За деревьями стоят два белых навигационных знака, а дальше идут глинистые высокие обрывы к воде. На этих обрывах хорошо сидеть погожим днём и смотреть на воду, на течение большой реки, наблюдать, как жерехи не торопясь, вразвалку плывут вдоль границы мелководья, потом бросаются в стаю мальков, оглушительно хлопают по воде хвостом и скрываются из глаз в поднятом облаке мути.
«Всё так же сонными лугами лениво движется Ока…» Она в отличие от Волги, тяжко несущей свой титул великой русской реки, ещё жива, ещё не превратилась в каскад водохранилищ с цветущей водой. Но ни Цветаева, ни Поленов уже не узнали бы свою Оку. Там, у них в Тарусе она стремительно мелеет - за последние двадцать лет уровень упал на два метра. У нас, в среднем течении ещё держится, ещё делит здесь великую степь и великий лес, заливает по весне «бархатные» по выражению Пришвина, луга. Что ещё сказать? Последняя поимка осётра в Оке была отмечена в 1975 году.

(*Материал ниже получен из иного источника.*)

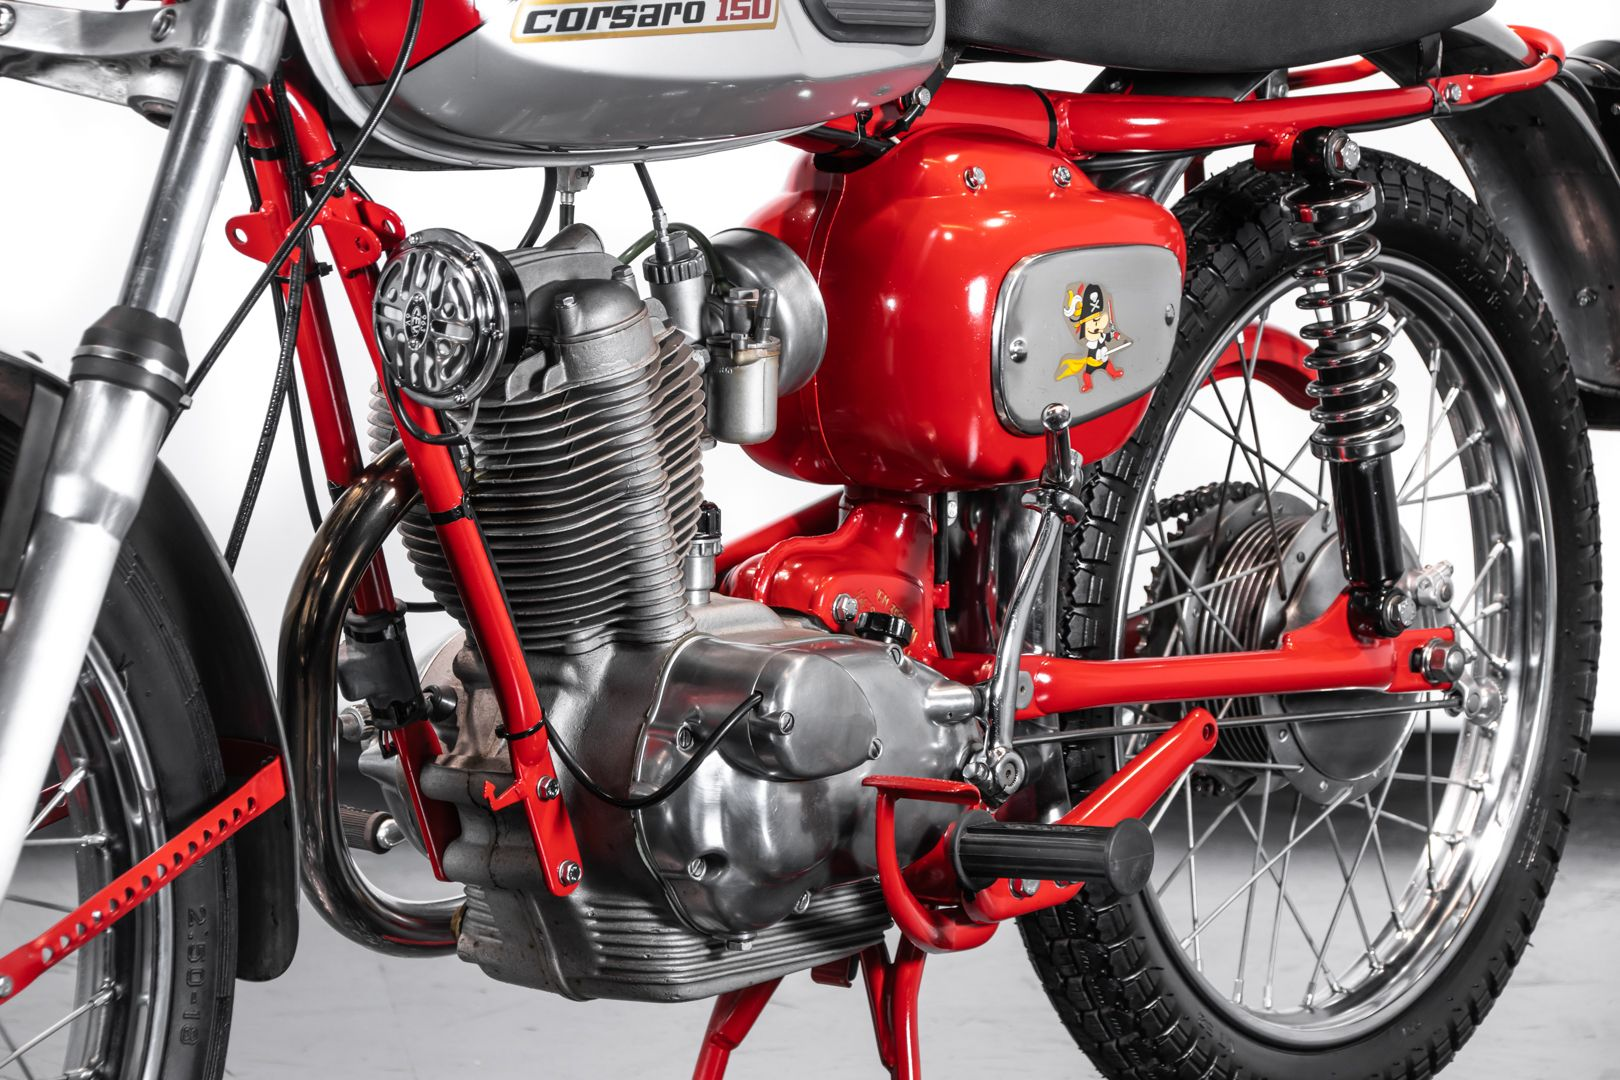 1971 Moto Morini Corsaro SS 150 77725

Напротив, через реку можно различить мою машину на заросшей травой отмели, выше отмели стоит сосновый лес с палатками отдыхающих, оттуда частенько раздаются звуки бензопилы и собачий лай, подходят купающиеся. Чуть в стороне – база отдыха с домиками, автомобилями и белым пляжем. По вечерам там загораются огни, оттуда доносится музыка, крики, тарахтение квадроциклов, привлекающие внимание моего сына. По Оке тут и там видны лодки рыбаков, добавляющие к пейзажу курортный, успокаивающий горожанина шум моторов. Некоторые рыболовы, тянущие со спиннингами дорожку вверх и вниз по течению, стараются заглушить тарахтение своего движка громкими разговорами и включённым радио. Ока щедро наполнена шумными отдыхающими людьми, и тем необычнее безлюдье и тишина левого берега, стоит только отойти немного от воды.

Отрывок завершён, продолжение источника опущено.